В каптерке для сторожей тетя Паша налила в чайные чашки самогона. На одной тарелке разложена тюлька, которой Вера отрывала головки с внутренностями и аккуратно укладывала хвостиками к краю, а остальное бросала на кусок газеты для бездомных кошек. На другой – нарезанный хлеб, петрушка и мясистые помидоры, яйца. Тетя Паша чистила картошку в «мундире» под свои рассуждения:

– Вот спроси, чего хорошего я видала? А ничего. Не помню ни одной настоящей радости.

– А дети? – спросила Вера, моя руки.

– А шо дети? Радость, да. А кормить‑одевать, шить‑стирать? Веришь, не помню ни одного дня, шоб я отдыхала. Даже в праздники. Ну, давай.

Выпили. Картошка теплая, помидоры сладкие, а тюлечка… Вера, оказывается, страшно хотела есть.
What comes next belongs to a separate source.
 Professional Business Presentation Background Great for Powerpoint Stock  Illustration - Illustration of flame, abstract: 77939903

– Жизнь моя тока и была: дом та работа, – делилась тетя Паша. – Отмантулишь на заводе, еле ноги тащишь, а дома еще больше работы. Нечего вспомнить. Ни одного красивого платья не носила. Не, были, конечно, платья, тока не такие. Теперь одна живу. Муж сдох, прости Господи… Дети черт‑те где, даже не звонят. Свободная… А платье и щас не могу купить, да оно уж и без надобности.

– Ой, я пьяненькая.

– А ты кушай. Выпить граммульку та покушать – это ж здоровье. Шо ты лыбишься? Врачи советуют: сто грамм в день для сердца полезно. Ну, давай. Чокаться не будем, помянем моего мужа, раз припомнился, шоб ему в гробу икнулось. Ох, и скотина был… царство ему небесное. Смешно тебе?
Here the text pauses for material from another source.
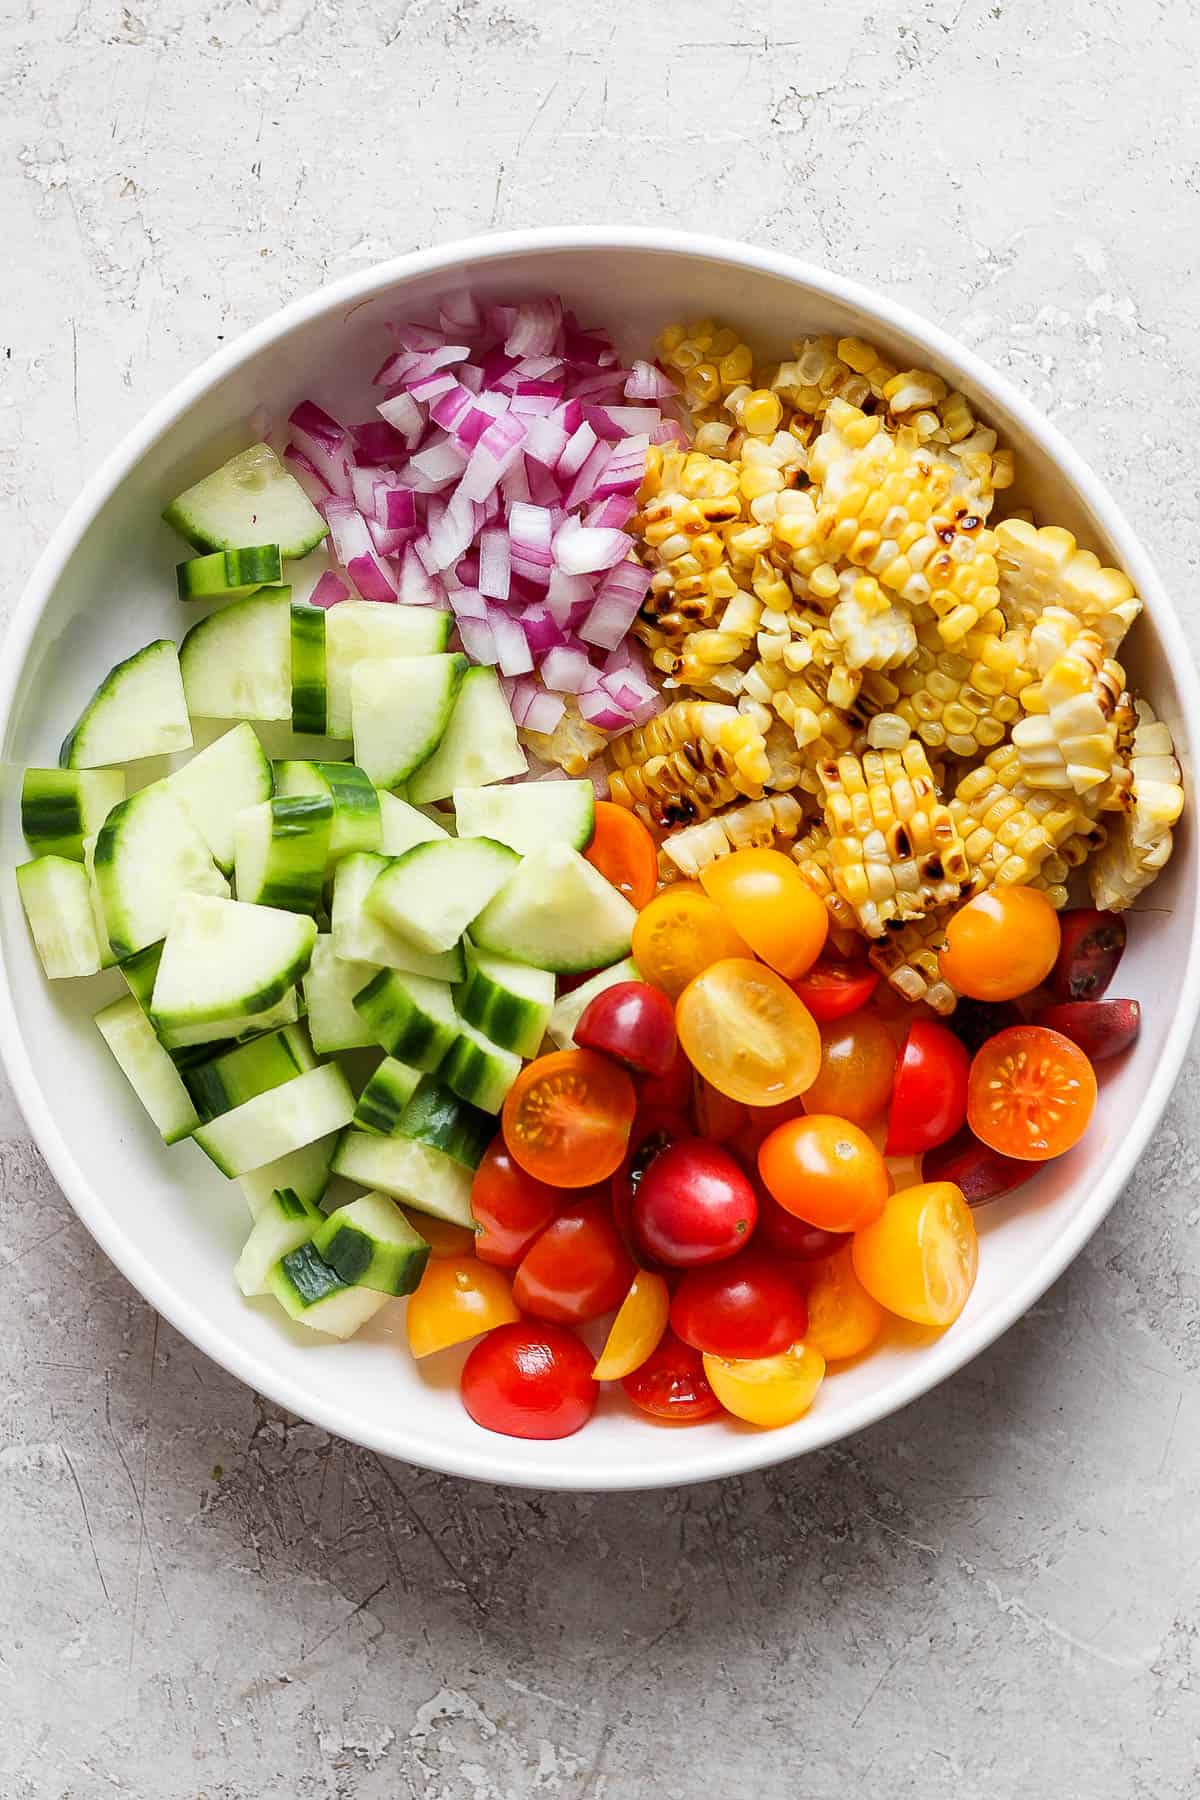 A large white bowl of cucumbers, red onion, tomatoes, and the corn cut off the cobs.

– За что вы его так ругаете? – хихикала Вера.

– Яичко бери… Худючая ты, Верка, одни кости. А мужа разве ж я ругаю? Шо ты! Десять лет как сдох, спасибо ему, на старости лет дал пожить спокойно. Прямо у калитки замерз пьяный, а зима… Веришь, я так плакала, так плакала… от радости. И как его пережила? Гонял – страшно, босиком от него убегала по снегу. А теперь я – кум королю, шо хочу, то и делаю. Сватались ко мне, тока на шо они мне сдались. А ты как?

– Да так, – Вера раскраснелась, ее клонило в сон.

– Растакалась. Скрытная ты, Верка. Шо ты все молчишь? Плохо без матери?

– Привыкла… Теть Паша, вы меня не возьмете на квартиру?

Та удивленно откинулась на спинку стула. Молчаливая и вежливая Верка ей нравилась. Слухи‑то разные ходили, будто у нее кто‑то был (как не быть у такой красавицы), будто сделала она аборт (дело‑то житейское), будто ничего с тем хахалем не сладилось (кобель, что взять), и мать умерла недавно. Но одни слухи. Пробовала тетя Паша у Лидки‑вертихвостки вызнать, так та так налетела, что всякая охота утолить любопытство отпала: сто слов в минуту и угрозы, что она, Лидка, разберется, кто тут сплетни сеет. С другой стороны, хорошая у Верки подруга, тетя Паша в глубине души зауважала Лидку, хотя обидела ее эта дамочка.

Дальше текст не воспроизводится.